Director: Rob Marshall (2014)

Disney embraces the dark side in this dazzling big budget live-action adaption of the award-winning magical musical fairytale.

Based on the stories of the Brothers Grimm, the wicked lyrics of songwriting maestro Stephen Sondheim are performed by an all-star cast on top form.

Plus as great sets and costumes boost the sometimes uninspired direction, it all makes for a spooky and frequently funny fantasy.

Once upon a time, a baby-stealing witch (Meryl Streep) has cursed the house of a poor baker and his wife (James Corden and Emily Blunt) so they cannot conceive a baby.

Corden and Blunt share a bickering chemistry and play commendably straight which allows the more fantastical characters to showboat.

Streep indulges herself with may a shriek and cackle as the witch who is also under a spell, forcing the couple to help her before she will lift their curse.

They must go into the woods to find a white cow, a golden slipper, a red cape and some yellow hair before the full moon in three days’ time.

On the way, they meet familiar characters such as Little Red Riding Hood, played by an astonishingly confident and scene-stealing teenage Lilla Crawford.

She is of course preyed upon by the big bad wolf, an excellent Johnny Depp in an extended cameo.

There’s also Rapunzel (MacKenzie Mauzy), Jack of the beanstalk (Daniel Huttlestone) giants, ghosts and some golden eggs, Anna Kendrick is pitch perfect as Cinderella.

She is pursued by a a philandering Prince (Chris Pine).
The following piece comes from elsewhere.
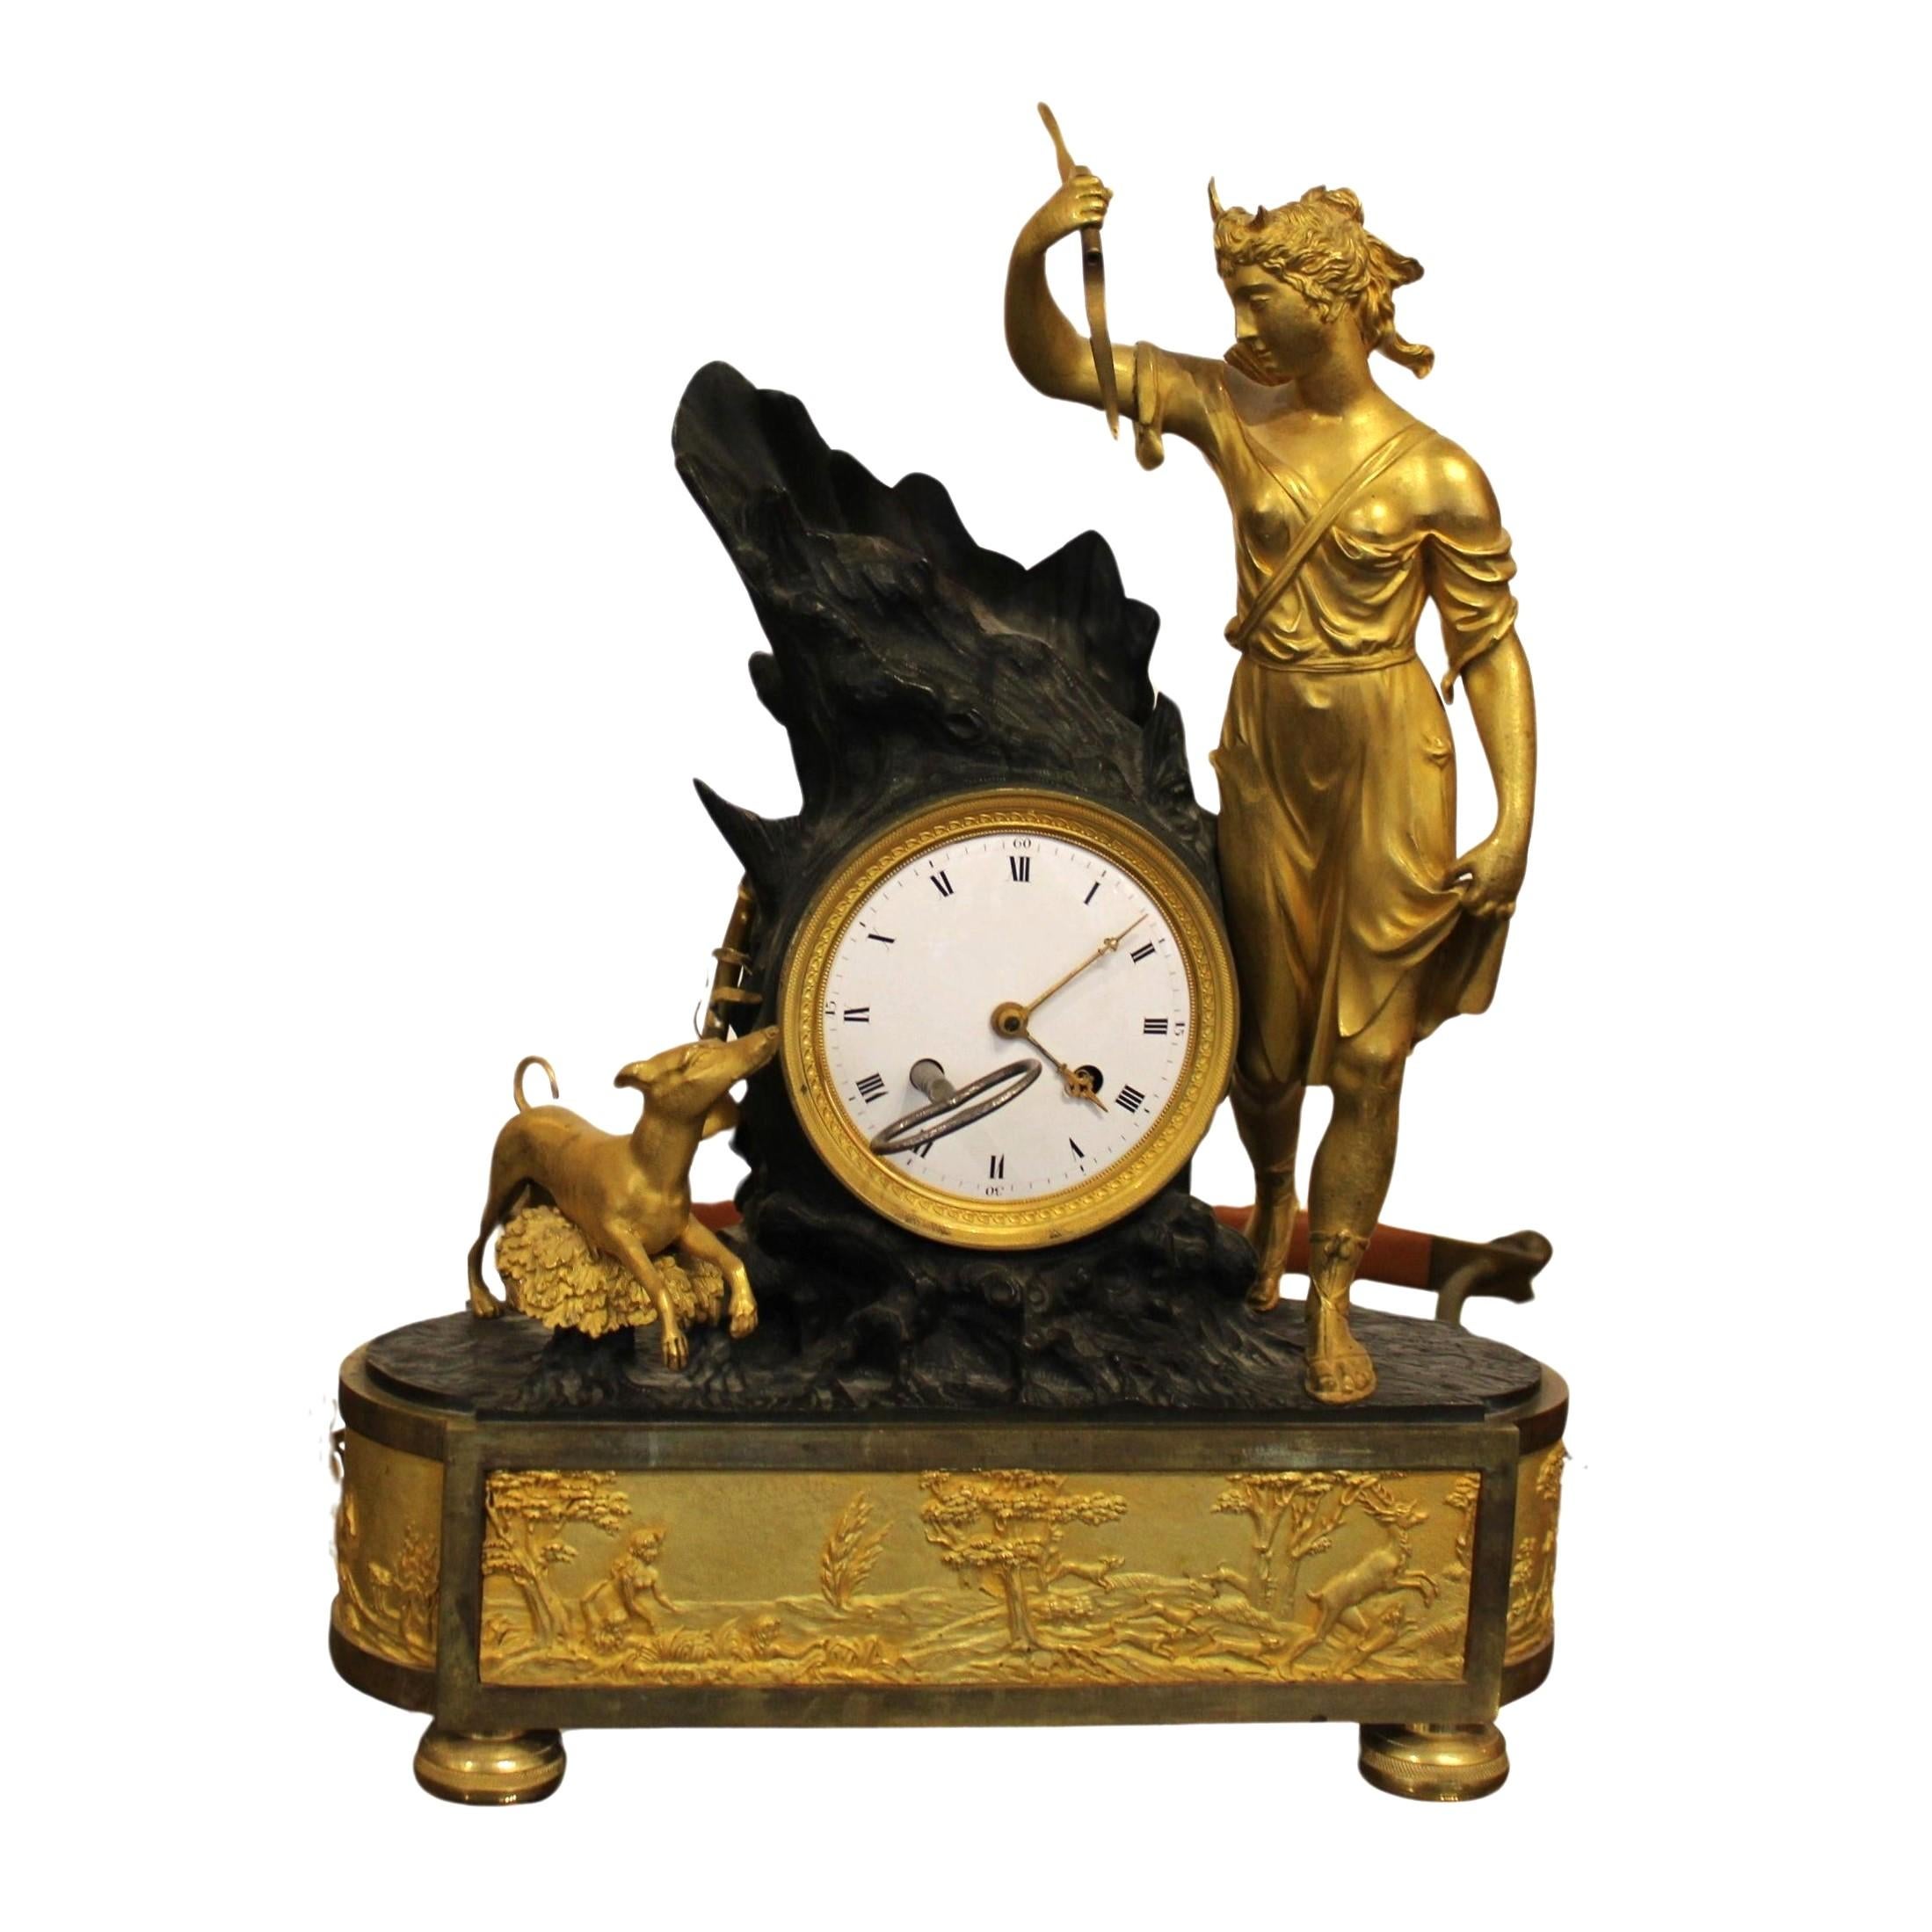 Vergoldete Bronzeuhr, die Diana die Jägerin darstellt
Frankreich, Anfang 19. Jahrhundert

He’s wonderfully vain, self-centred and thoroughly enjoys himself delivering the funniest song and the best line.

Proving you should be careful what you wish for there are betrayals, mutilations and deaths as well as some unpardonably poor parenting.

As greed is punished and bravery and honesty win out, you won’t fail to be charmed by this wonderful tale’s dark magic.